R/documentation_stability.R
In stabm: Stability Measures for Feature Selection

#' @name stabilityDocumentation
#' @keywords internal
#' @title Stability of Feature Selection
#' @description The stability of feature selection is defined as the robustness of
#' the sets of selected features with respect to small variations in the data on which the
#' feature selection is conducted. To quantify stability, several datasets from the
#' same data generating process can be used. Alternatively, a single dataset can be
#' split into parts by resampling. Either way, all datasets used for feature selection must
#' contain exactly the same features. The feature selection method of interest is
#' applied on all of the datasets and the sets of chosen features are recorded.
#' The stability of the feature selection is assessed based on the sets of chosen features
#' using stability measures.
#' @param features \code{list (length >= 2)}\cr
#' Chosen features per dataset. Each element of the list contains the features for one dataset.
#' The features must be given by their names (\code{character}) or indices (\code{integerish}).
#' @param penalty \code{numeric(1)}\cr
#' Penalty parameter, see Details.
#' @param impute.na \code{numeric(1)}\cr
#' In some scenarios, the stability cannot be assessed based on all feature sets.
#' E.g. if some of the feature sets are empty, the respective pairwise comparisons yield NA as result.
#' With which value should these missing values be imputed? \code{NULL} means no imputation.
#' @param N \code{numeric(1)}\cr
#' Number of random feature sets to consider.
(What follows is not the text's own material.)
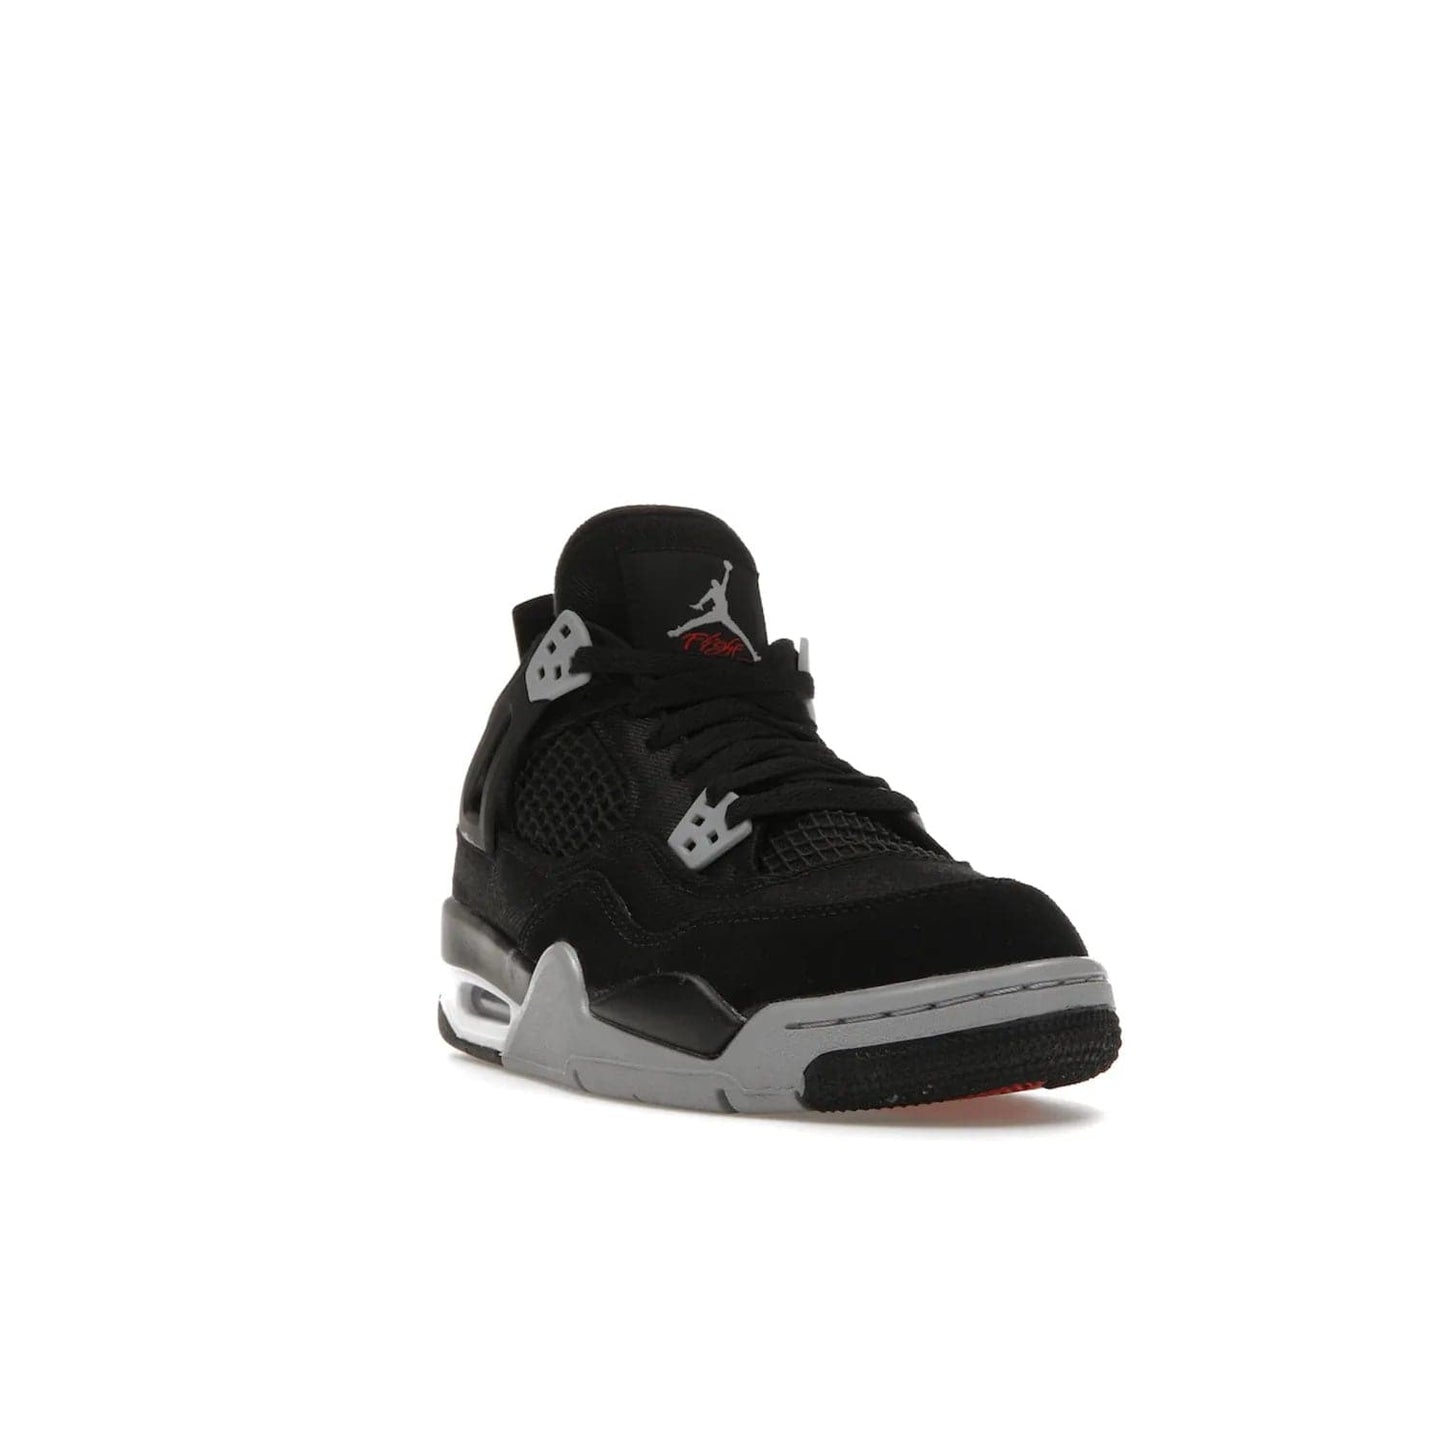 Jordan 4 Retro Black Canvas (GS) - Image 7 - Only at www.BallersClubKickz.com - Premium Air Jordan 4 Retro Black Canvas in grade-schooler's catalog. Featuring black suede canvas upper, grey molding, accents in red, white midsole, woven Jumpman tag, & visible AIR cushioning. Releasing Oct. 1, 2022.

Only relevant if \code{correction.for.chance}
#' is set to "estimate".
#' @param sim.mat \code{numeric matrix}\cr
#' Similarity matrix which contains the similarity structure of all features based on
#' all datasets. The similarity values must be in the range of [0, 1] where 0 indicates
#' very low similarity and 1 indicates very high similarity. If the list elements of
#' \code{features} are integerish vectors, then the feature numbering must correspond to the
#' ordering of \code{sim.mat}. If the list elements of \code{features} are character
#' vectors, then \code{sim.mat} must be named and the names of \code{sim.mat} must correspond
#' to the entries in \code{features}.
#' @param threshold \code{numeric(1)}\cr
#' Threshold for indicating which features are similar and which are not. Two features
#' are considered as similar, if and only if the corresponding entry of \code{sim.mat} is greater
#' than or equal to \code{threshold}.
#' @section Notation: For the definition of all stability measures in this package,
#' the following notation is used:
#' Let \eqn{V_1, \ldots, V_m} denote the sets of chosen features
#' for the \eqn{m} datasets, i.e. \code{features} has length \eqn{m} and
#' \eqn{V_i} is a set which contains the \eqn{i}-th entry of \code{features}.
#' Furthermore, let \eqn{h_j} denote the number of sets that contain feature
#' \eqn{X_j} so that \eqn{h_j} is the absolute frequency with which feature \eqn{X_j}
#' is chosen.
#' Analogously, let \eqn{h_{ij}} denote the number of sets that include both \eqn{X_i} and \eqn{X_j}.
#' Also, let \eqn{q = \sum_{j=1}^p h_j = \sum_{i=1}^m |V_i|} and \eqn{V = \bigcup_{i=1}^m V_i}.
#' @return \code{numeric(1)} Stability value.
#' @seealso \link{listStabilityMeasures}
NULL


#' @name uncorrectedDocumentation
#' @keywords internal
#' @title Uncorrected Stability Measures
#' @param p \code{numeric(1)}\cr
#' Total number of features in the datasets.
#' Required, if \code{correction.for.chance} is set to "estimate" or "exact".
#' @param correction.for.chance \code{character(1)}\cr
#' Should a correction for chance be applied? Correction for chance means that if
#' features are chosen at random, the expected value must be independent of the number
#' of chosen features. To correct for chance, the original score is transformed by
#' \eqn{(score - expected) / (maximum - expected)}. For stability measures whose
#' score is the average value of pairwise scores, this transformation
#' is done for all components individually.
#' Options are "none", "estimate" and "exact".
#' For "none", no correction is performed, i.e. the original score is used.
#' For "estimate", \code{N} random feature sets of the same sizes as the input
#' feature sets (\code{features}) are generated.
#' For "exact", all possible combinations of feature sets of the same
#' sizes as the input feature sets are used. Computation is only feasible for very
#' small numbers of features (\code{p}) and numbers of considered datasets
#' (\code{length(features)}).
NULL


#' @name correctedDocumentation
#' @keywords internal
#' @title Corrected Stability Measures
#' @param p \code{numeric(1)}\cr
#' Total number of features in the datasets.
NULL


#' @name adjustedDocumentation
#' @keywords internal
#' @title Adjusted Stability Measures
#' @param correction.for.chance \code{character(1)}\cr
#' How should the expected value of the stability score (see Details)
#' be assessed? Options are "estimate", "exact" and "none".
#' For "estimate", \code{N} random feature sets of the same sizes as the input feature
#' sets (\code{features}) are generated.
#' For "exact", all possible combinations of feature sets of the same
#' sizes as the input feature sets are used. Computation is only feasible for very
#' small numbers of features and numbers of considered datasets (\code{length(features)}).
#' For "none", the transformation \eqn{(score - expected) / (maximum - expected)}
#' is not conducted, i.e. only \eqn{score} is used.
#' This is not recommended.
NULL